In an emergency Saturday sitting, British MPs were brought back from Easter recess in a hurry to enact emergency laws that will ensure the blast furnaces of British Steel remain operational, as nationalisation of Britain’s sole maker of virgin steel grows more likely.
China’s Jingye Group-owned Scunthorpe plant, with 3,500 workers, risks closure after negotiations on how to fund a shift to more environmentally friendly steel production broke down. With furnaces said to be losing £700,000 daily, the government indicated drastic action was necessary to avoid them shutting down shortly and to buy more time to broker a sustainable future for the firm.

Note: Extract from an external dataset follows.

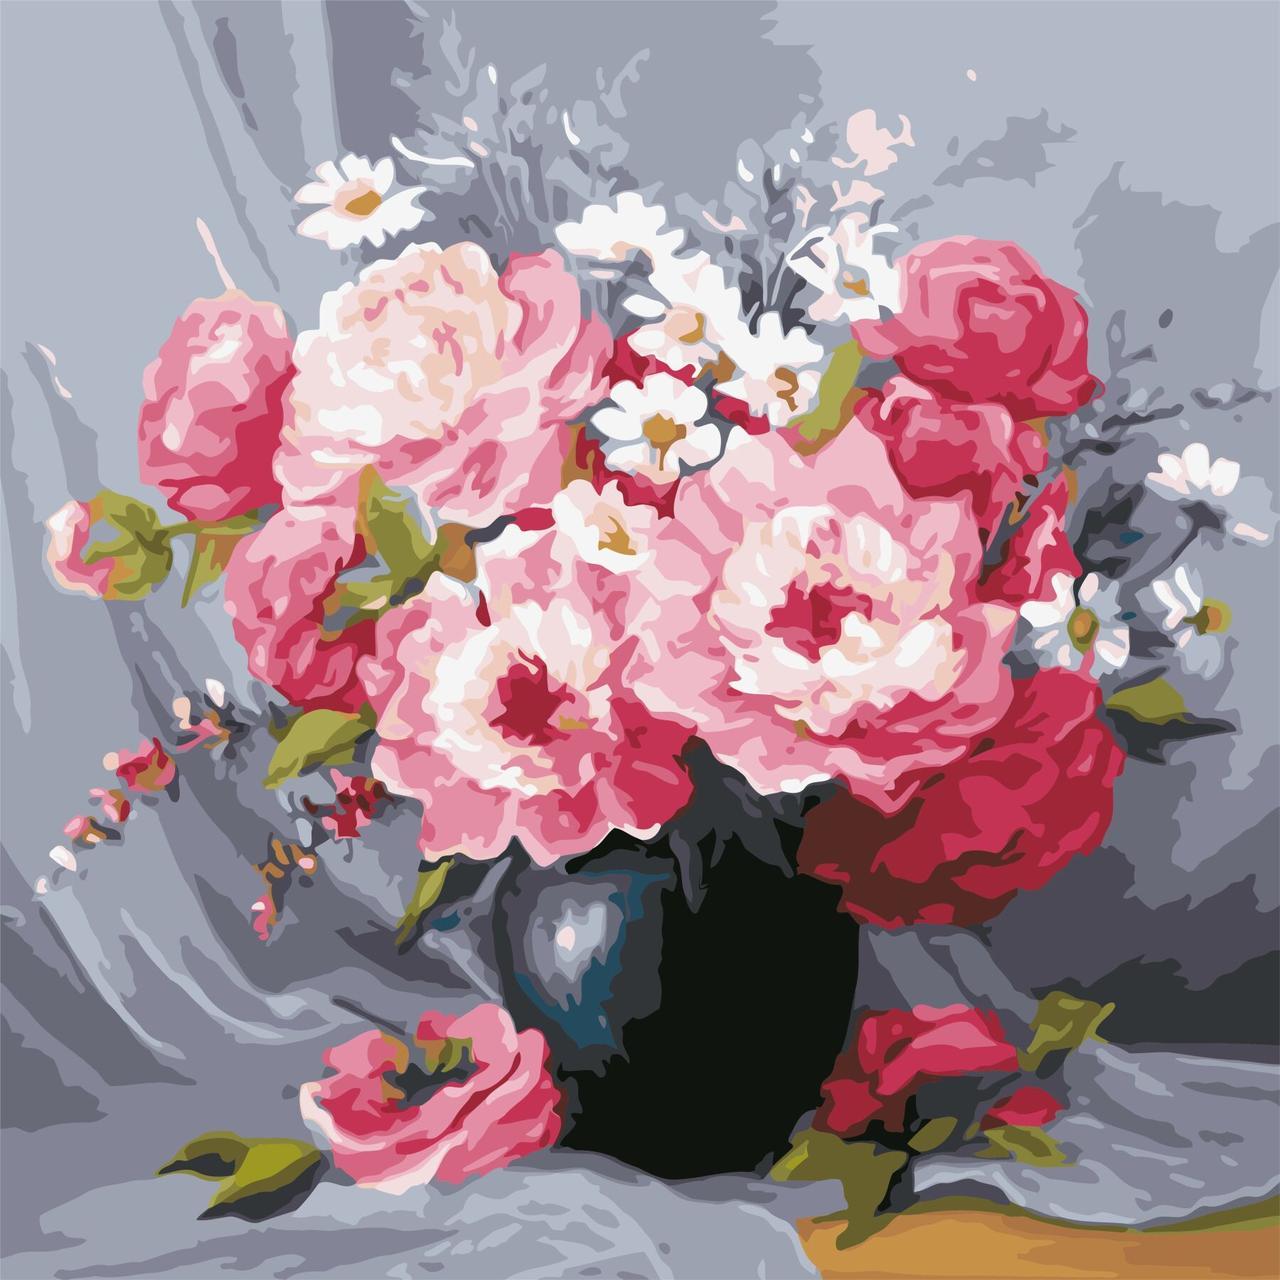 AS0603 Картина-набор по номерам Чайные розы в вазе, Без коробки

The legislation, passed on Saturday, gives ministers powers to control British Steel’s operations, ensure staff pay, and command the raw materials required to maintain production. The previous time Parliament sat on a Saturday during a recess was in 1982 during the Falklands War.
Business Minister Jonathan Reynolds informed MPs that state control was now an eventual prospect, but the government would still want to collaborate with the private sector. “Delaying today would make any other preferable option unconsiderable,” Reynolds stated.
Closing of the Scunthorpe furnaces would make the UK the sole G7 country incapable of manufacturing virgin steel from raw materials. British Steel has been in trouble amidst a worldwide surplus of steel, high energy prices, and recently imposed 25% tariffs on exports of steel to the US a market valued at £400 million a year.
The government of the UK has set aside £2.5 billion for the steel industry, with a national plan to come out next spring in 2025. Meanwhile, Tata Steel’s Port Talbot works are switching to electric arc furnaces, but new production won’t start until 2027 or beyond.
Nationalising British Steel would be the biggest state action since the 2008 bank bailouts.